COLLECTED DATA:
BEGIN

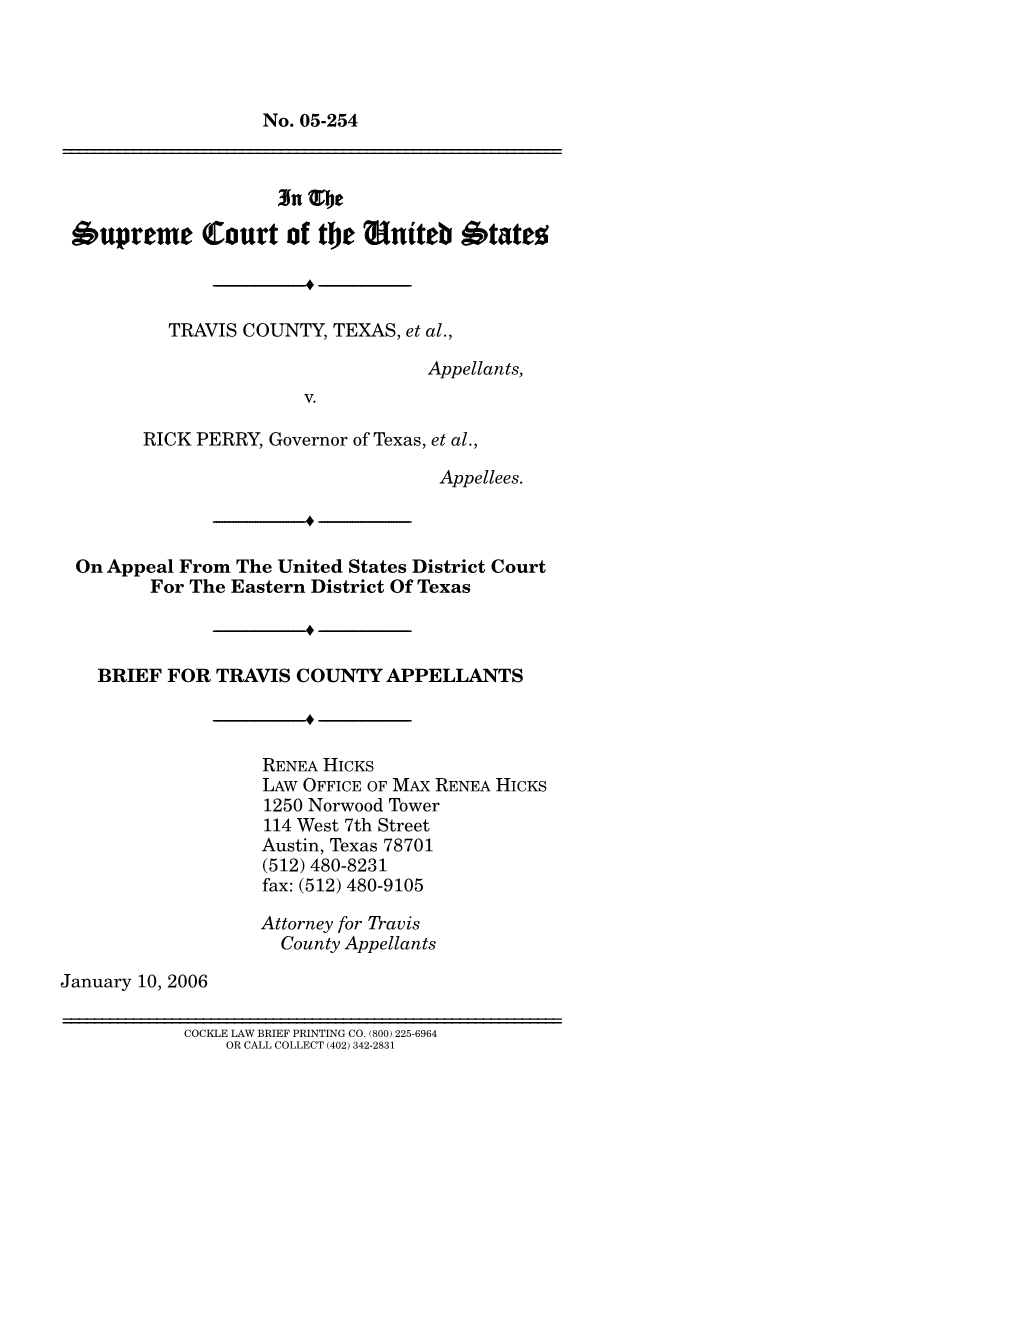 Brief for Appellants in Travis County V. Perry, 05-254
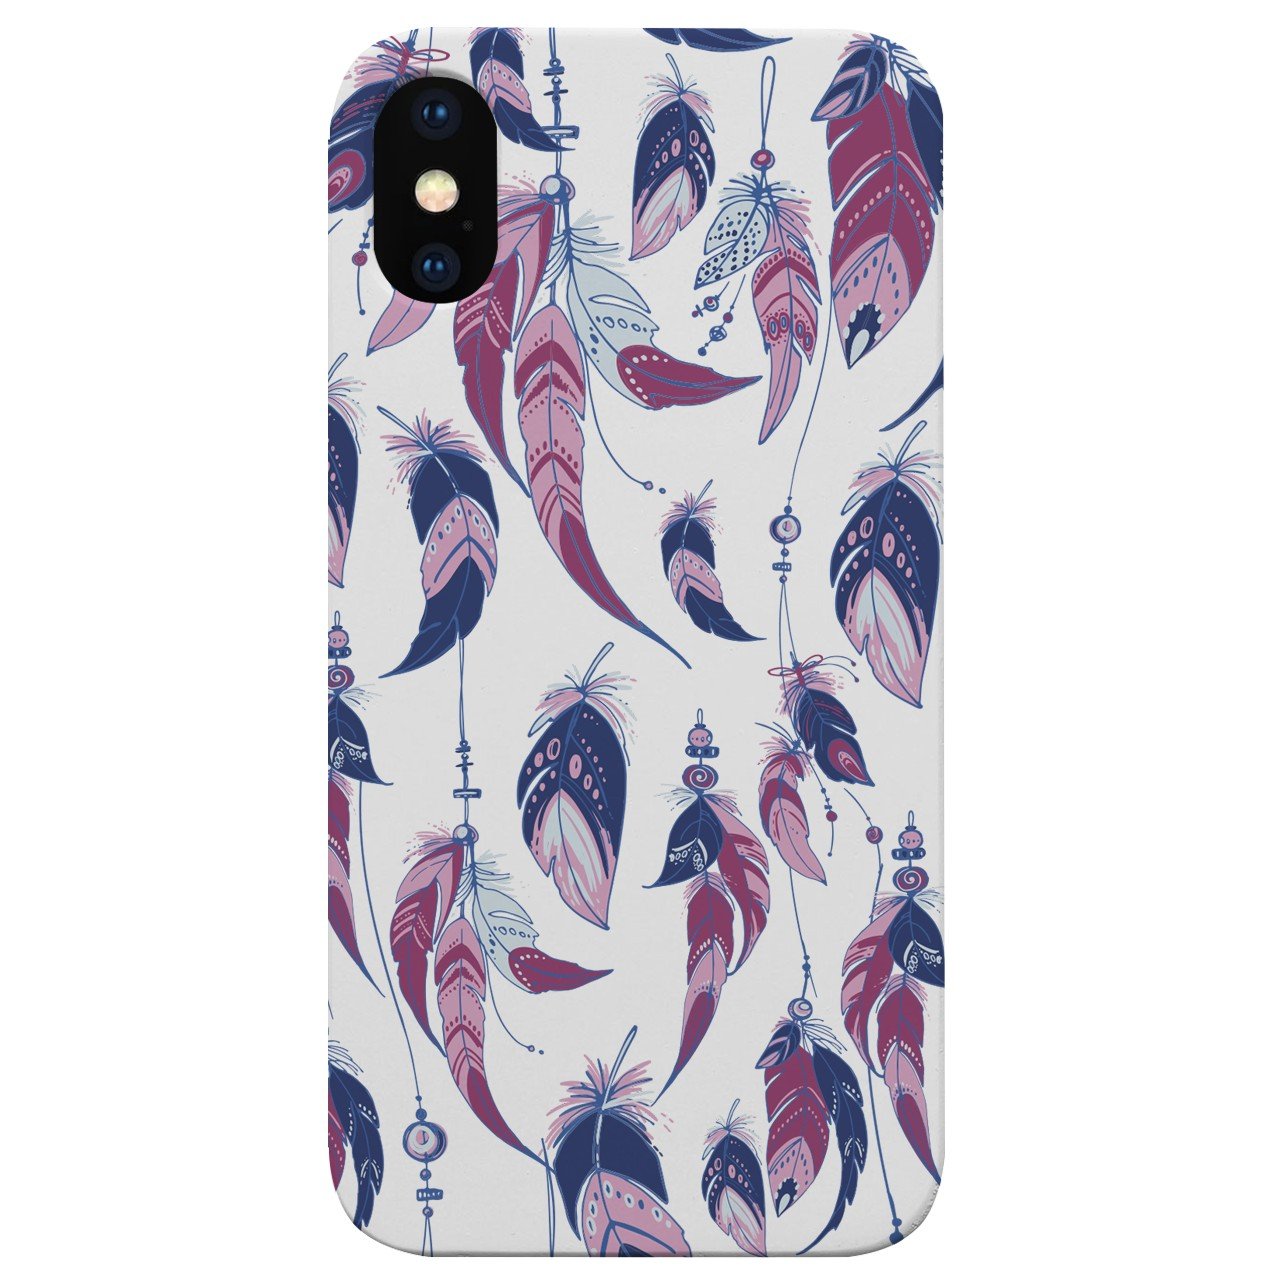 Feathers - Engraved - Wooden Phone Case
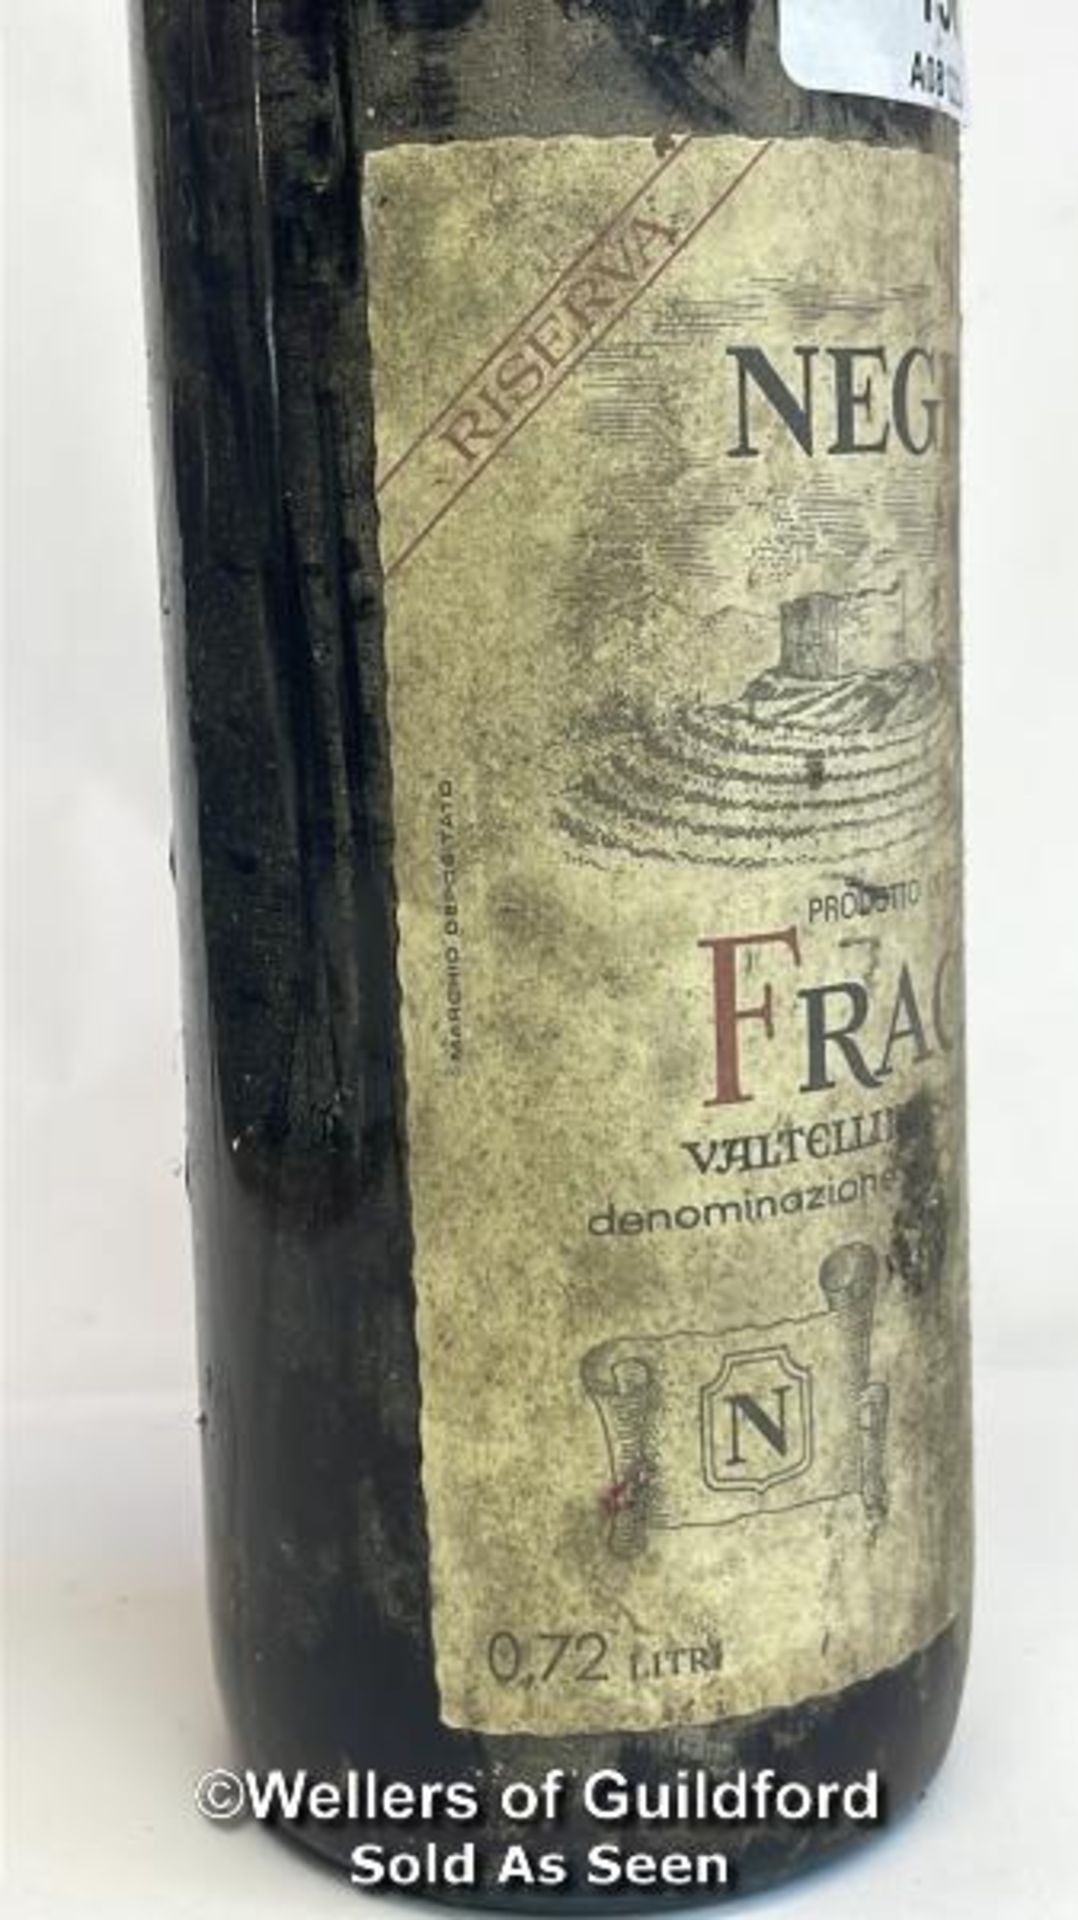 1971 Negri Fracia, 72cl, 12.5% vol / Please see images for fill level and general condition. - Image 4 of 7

END

WORK ORDER:
Restate the data above word for word, omitting every picture.

WORKED SOLUTION:
 Brief for Appellants in Travis County V. Perry, 05-254
 Feathers - Engraved - Wooden Phone Case
 1971 Negri Fracia, 72cl, 12.5% vol / Please see images for fill level and general condition. - Image 4 of 7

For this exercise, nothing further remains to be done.